Longas filas de espera marcam a Virada Cultural

Evento teve atrações para todos os gostos, entre cinema, música e teatro; muitos reclamaram das filas para entrar e assistir às apresentações

iG Minas Gerais | Lygia Calil |

Quem quis curtir as atrações do Parque Municipal durante a Virada Cultural precisou de paciência. Isso porque a fila para entrar, que incluía revista individual, alcançou pelo menos 700 metros, segundo a Polícia Militar, e chegou a dobrar a esquina das avenidas Afonso Pena e Carandaí.

O casal de empresários Nárcio de Freitas, 45, e Ana Luíza Coelho, 39, foi ao parque para assistir ao show da cantora Marina Machado, mas perdeu a apresentação enquanto aguardava do lado de fora. "Não esperávamos tanta gente assim.
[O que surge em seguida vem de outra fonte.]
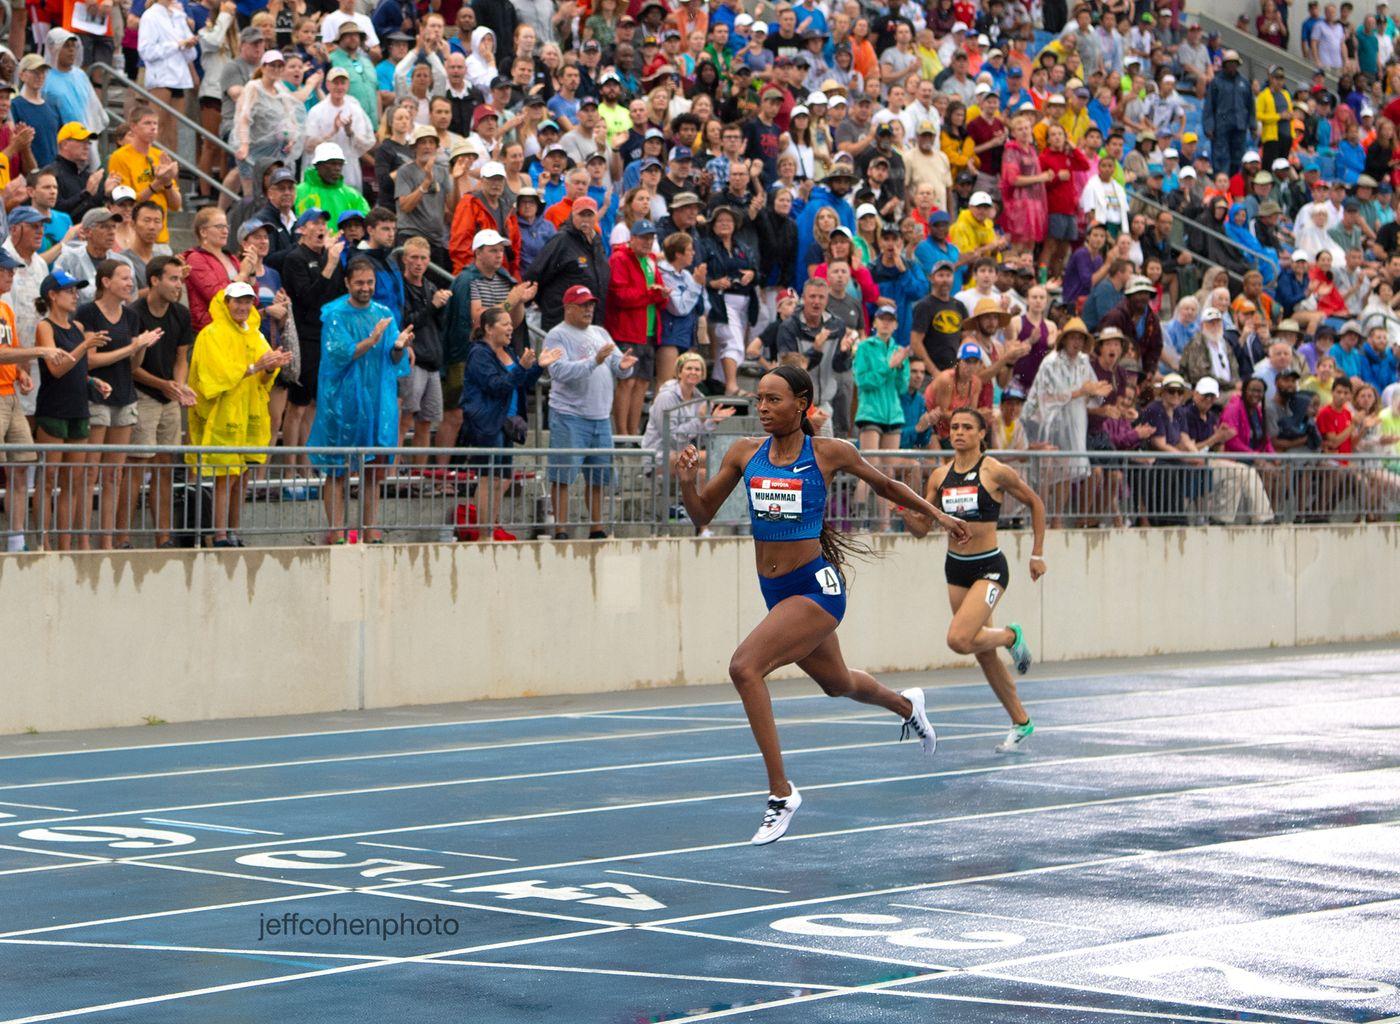 Dalilah Muhammad, WORLD RECORD, 400 meter hurdles . 2019 Toyota USATF Outdoor Championships, Des Moines, Iowa. July 28, 2019

Devíamos ter chegado mais cedo. Agora estamos torcendo para entrar para ver o Toquinho", comentou Nárcio.

Apertado do lado de dentro do parque, o público formado por famílias, crianças, homens e mulheres de todas as idades assistiu à Orquestra Sinfônica Arte Viva, sob regência do maestro Amilson Godoy. A estimativa da PM é que mais de 10 mil pessoas tenham curtido o show.

O cantor e compositor Toquinho se juntou aos músicos por volta das 23h30. Aos 66 anos, a aposentada Rosalina Gouvêa foi ao parque para assistir à apresentação. "Música faz a gente rejuvenescer", disse, rodeada por um público formado, na maioria, por pessoas pelo menos 40 anos mais jovens do que ela. "Isso aqui está lindo", completa a senhora.  Ao fim do show, à 0h30, ainda havia gente na fila querendo entrar.

No extremo oposto do parque, no teatro Francisco Nunes, o espetáculo "Queijo, Comédia e Cachaça" atrasou 45 minutos e começou às 23h45. Mais de 400 pessoas esperaram para entrar - entre elas, a dona de casa Elita Diniz, 49, aguardava, impaciente. "Já estou aqui há uma hora, em pé, e não nos deram nenhuma satisfação. Não sei nem se a peça vai acontecer", disse ela, que já tinha passado pelo Sesc Palladium e pela praça Sete antes de chegar ao parque. Até que as portas do teatro se abrissem, ela esperou por mais 30 minutos na fila.

Poderoso Chefão

A saga dos Corleone lotou os 129 ao cine Humberto Mauro. A maratona de quase nove horas de filme começou pontualmente às 21h e iria terminar às 6h40 de domingo, após o final da terceira parte de "O Poderoso Chefão". A trilogia do diretor Francis Ford Copolla, que retrata uma família mafiosa nos Estados Unidos, fez com que muitos espectadores e fãs de cinema encarassem mais de 540 minutos nas poltronas do cinema.

Foi o caso do estudante cinéfilo Emerson Reis, 24, que foi ao Humberto Mauro sozinho. Para aguentar a noite toda, levou água, chocolate e batata chips, para lanchar durante as sessões. "Já estou acostumado a encarar maratonas como essa, na frente da tela. Essa trilogia é um clássico, não poderia perder, mesmo já tendo assistido aos filmes", comentou.

Já o músico Diogo Aloni Souza, 27, chegou tarde para o primeiro filme e perdeu a sessão. A solução foi dar uma volta na praça Sete para matar o tempo até que o segundo longa começasse. "A programação da virada está interessante. Amanhã, quero ver a banda Dibigode", disse ele.